May Fed Meeting Preview: Diminishing odds of rate cuts to defy Trump’s rate cut dream

Source Tradingkey

TradingKey – This Wednesday afternoon, May 7, the Federal Reserve will announce its latest monetary policy decision. Despite repeated pressure from U.S. President Donald Trump and some “soft data” pointing toward the case for rate cuts, solid inflation and employment figures—the so-called “hard data”—may actually raise the bar for any potential easing.

Market participants widely expect that the Federal Reserve will keep interest rates unchanged at its upcoming May meeting, holding the federal funds rate steady within a range of 4.25% to 4.50%. This would mark the third consecutive policy meeting in 2025 where the Fed maintains the status quo on interest rates.

In April, Trump's persistent calls urging Federal Reserve Chair Jerome Powell to cut rates triggered a debate over the central bank’s independence. Broadly speaking, Trump's push for looser monetary policy appears driven by his desire to lower borrowing costs, potentially offsetting the economic drag from tariffs and reducing the burden of refinancing U.S. government debt.

However, based on the current state of the Fed’s dual mandate—price stability and maximum employment—there appears to be little urgency for the Fed to ease policy anytime soon.

On the inflation front, the core PCE price index in March declined to 2.6% year-over-year from the prior reading of 2.8%, broadly in line with expectations. However, as noted by Wall Street Journal’s Nick Timiraos, while the 12-month PCE figure of 2.3% is approaching the Fed’s 2% target, three- and six-month annualized inflation remains around 3%.

In terms of labor market conditions, the U.S. economy added 177,000 jobs in April, surpassing expectations, while the unemployment rate held steady at 4.2%, as forecasted. According to Timiraos, this report shows no broad signs of job losses, and Fed officials are expected to remain cautious in their approach.
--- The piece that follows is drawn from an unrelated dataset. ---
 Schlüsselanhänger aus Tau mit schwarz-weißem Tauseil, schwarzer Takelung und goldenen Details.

Following the release of the April nonfarm payrolls report, Goldman Sachs and Barclays both pushed back their forecasts for the first Fed rate cut of the year—from June to July.

Goldman Sachs noted that the current Federal Open Market Committee (FOMC) seems to have set a higher threshold for rate cuts than during the 2019 trade war. With both current inflation levels and survey-based inflation expectations running hotter than they were then, policymakers likely want to see more compelling evidence of an economic slowdown before shifting course.
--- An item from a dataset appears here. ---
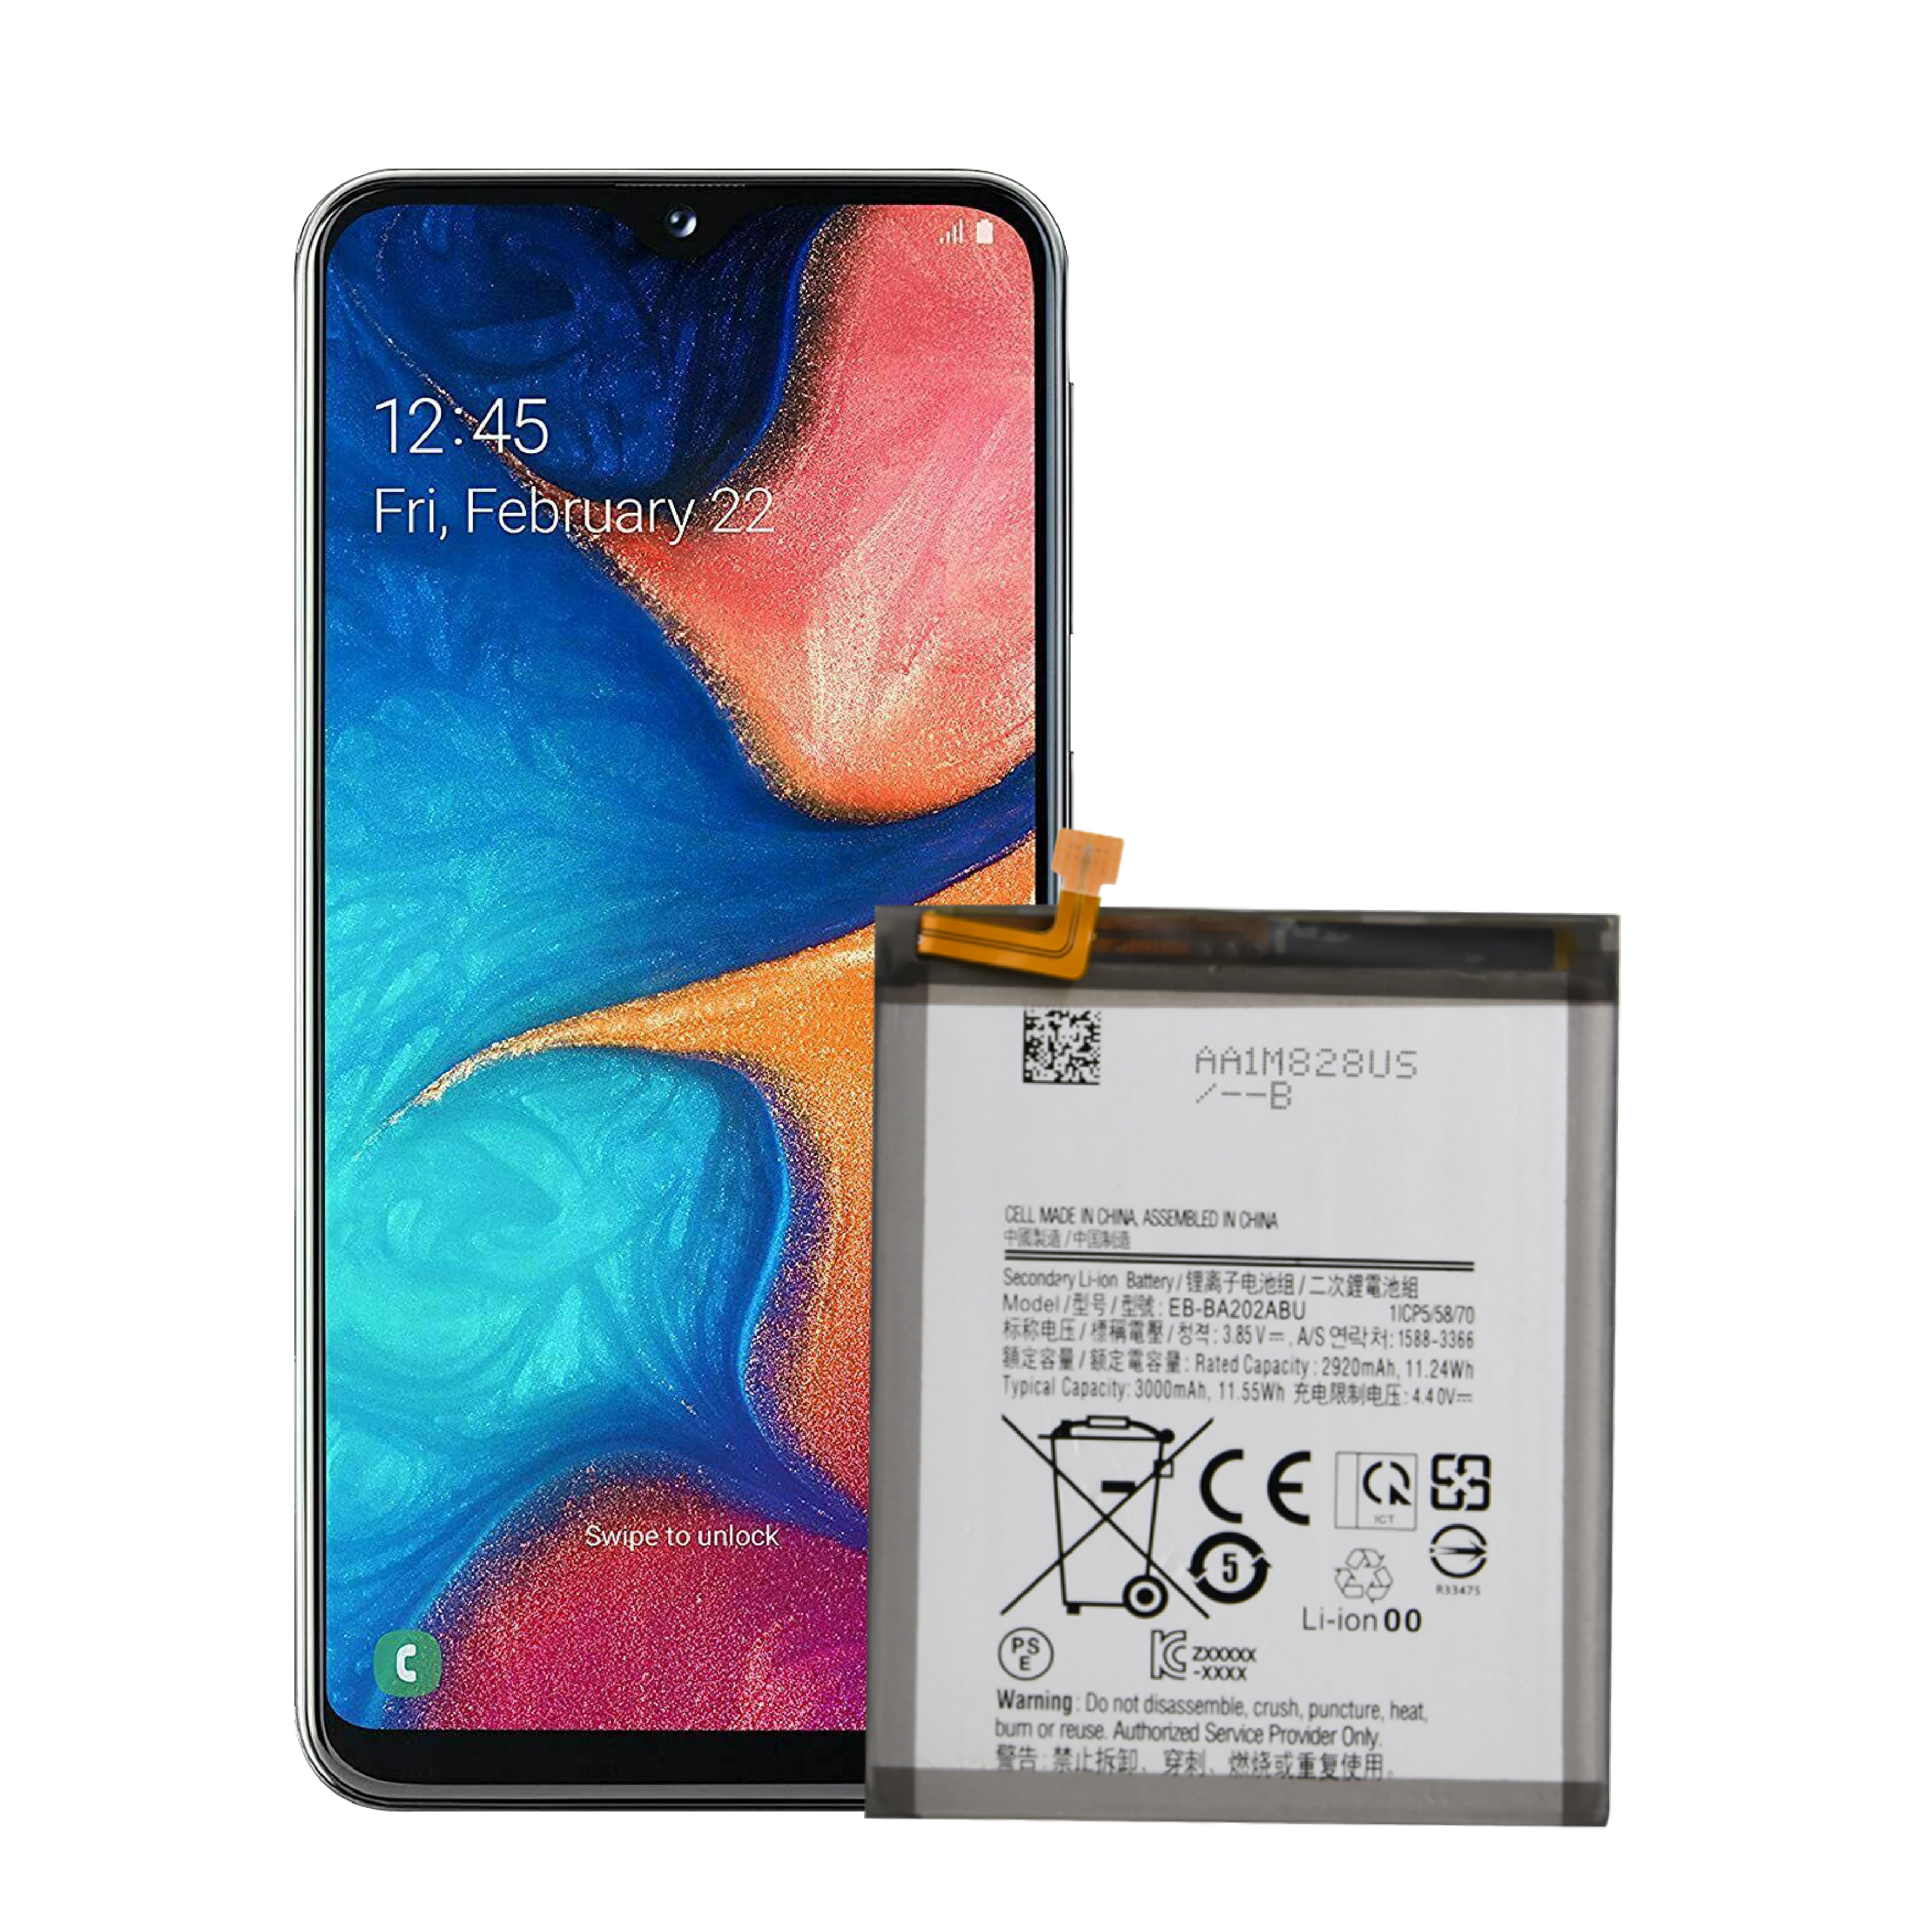 OEM փոխարինող բոլորովին նոր երկարատև ցիկլի հեռախոսի մարտկոց Samsung A20 Edge մարտկոցի համար

JPMorgan Chase highlighted that Trump’s tariff policies could put the Fed in a dilemma—should inflation surge again before hard economic data clearly softens.
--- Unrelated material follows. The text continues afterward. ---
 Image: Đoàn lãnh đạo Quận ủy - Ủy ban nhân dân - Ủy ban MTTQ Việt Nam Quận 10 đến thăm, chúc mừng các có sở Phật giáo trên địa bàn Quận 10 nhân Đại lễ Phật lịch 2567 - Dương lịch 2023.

Currently, traders anticipate three rate cuts from the Fed this year, down from the four previously expected at the beginning of the month.

Traders' bets on Fed policy path, Source: CME FedWatch Tool

[Traders' bets on Fed policy path, Source: CME FedWatch Tool ]

Analysts at WisdomTree said that unless something negative happens between now and June, there would be no need for the Fed to take action.

Disclaimer: For information purposes only. Past performance is not indicative of future results.